Обе пошли к двери, а там, за дверью, поджидали другие две дамы, в сопровождении которых гостья, еще раз поцеловав мою хозяйку, удалилась. Оставшись одна, Амаранта направилась в ту комнату, где был я. Первой моей мыслью было убежать, но я тут же раздумал. Войдя и увидев меня, Амаранта была до крайности изумлена.
– Ты здесь, Габриэль? – воскликнула она.
– Да, я здесь, сударыня, – спокойно ответил я. – Я приступил к исполнению своих обязанностей, как вы велели.
– Как? – возмутилась она. – Ты посмел? Ты подслушал?
– Сударыня, вы были правы, у меня отличный слух. Ведь вы сами приказали мне наблюдать и слушать…
– Но я имела и виду другое… Понятно тебе? Да ты, я вижу, чересчур проворен, избыток усердия может тебе дорого обойтись.
– Сударыня, – с невинным видом сказал я, – мне хотелось поскорее усвоить эту науку.
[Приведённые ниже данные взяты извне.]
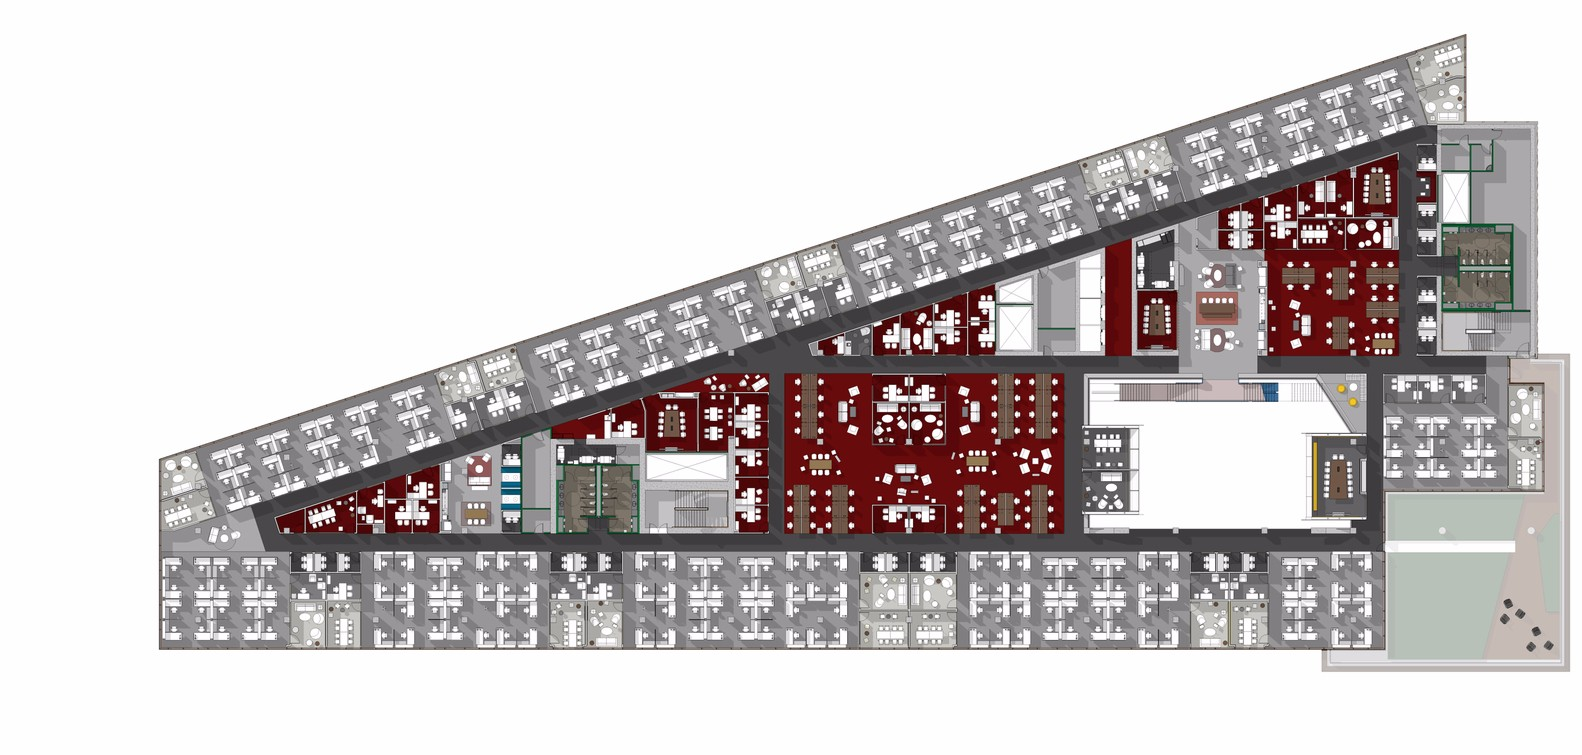 Intuit海洋路大廈——探索可持續的公共參與型發展模式插图20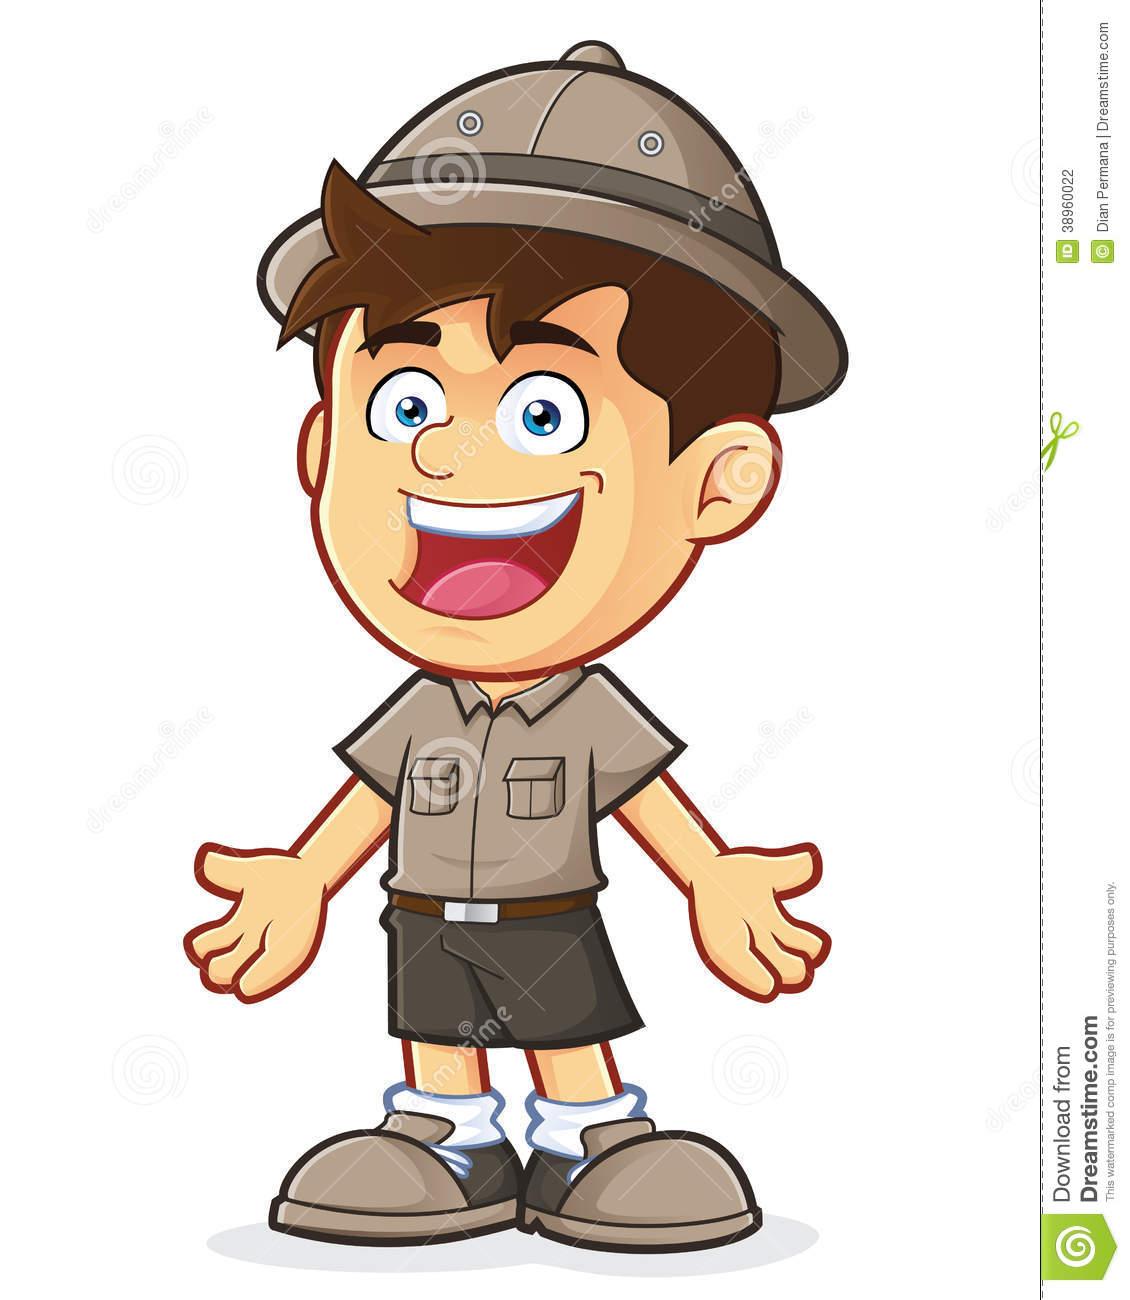 boy-clipart-boy-scout-explorer-boy-welcoming-gesture-vector-clipart ...

– Хорошо, ступай. Но помни: кто мне верно служит, тех я щедро награждаю, а обманщиков и предателей наказываю беспощадно. Я все сказала. Проболтаешься – будешь меня помнить до конца дней. Иди.
XIX
На следующее утро ваш покорный слуга встал в отвратительном настроении – мне хотелось как можно быстрее убраться из Эскориала. Чтобы обдумать на свободе план действий, я отправился в монастырский сад; размышляя там о своем положении. Я чувствовал, что голова моя горит, меня осаждал рой мыслей, о которых я могу поведать благосклонному читателю.
Кто в первой книге о моей жизни читал главу, описывающую мое праздное присутствие при Трафальгарском сражении, те помнят, что в этот знаменательный час, когда все мои чувства были как бы обострены величием и значительностью происходящего, я очень отчетливо представил себе, что такое «родина». И вот теперь, при других обстоятельствах, когда крах моих нелепых надежд перевернул все мое существо, сознание бедняги Габриэля обогатилось новым приобретением огромной ценности: понятием «честь».
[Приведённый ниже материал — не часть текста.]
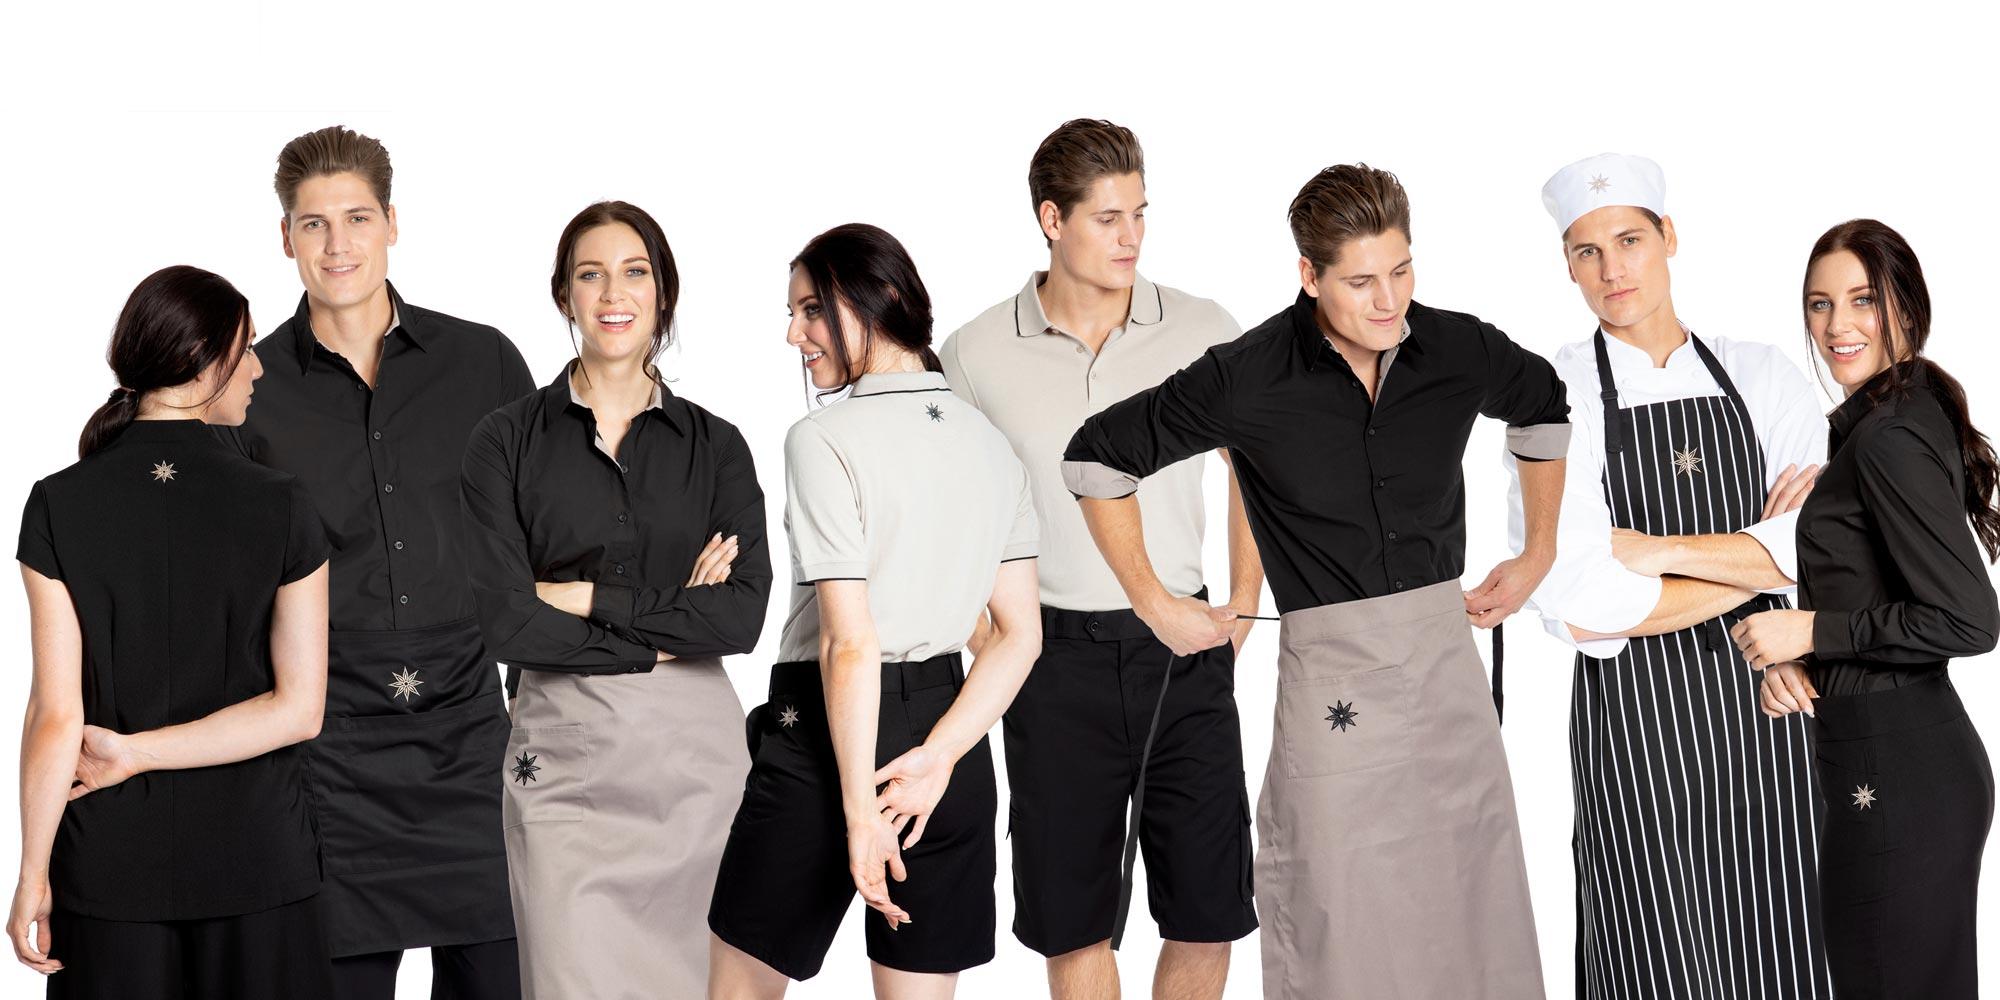 6 Corporate Uniform Trends in 2020/21

Какое открытие! Я вспоминал, что говорила мне Амаранта, и, сравнивая ее взгляды и убеждения со своими мыслями, смесью наивного тщеславия и юношеского честолюбия, невольно проникался гордостью за самого себя. И я говорил себе: «Я человек честный, я испытываю неодолимое отвращение ко всему подлому, гнусному, что может унизить меня в моих глазах; кроме того, едва я подумаю, что мог бы навлечь на себя презрение людей, вся кровь во мне вскипает, я прихожу в ярость. Да, я хочу стать выдающимся человеком, но так, чтобы мои поступки возвысили меня в глазах людских и моих собственных, – на что хвала толпы глупцов тому, кто себя презирает? И если мне суждено долго жить, каким великим утешением будет сознание, что я доволен своими поступками и, ложась вечером в постель, хорошенько укутавшись в одеяло, говорить себе: «Нынче ты не сделал ничего против бога и людей. Я доволен тобой, Габриэль».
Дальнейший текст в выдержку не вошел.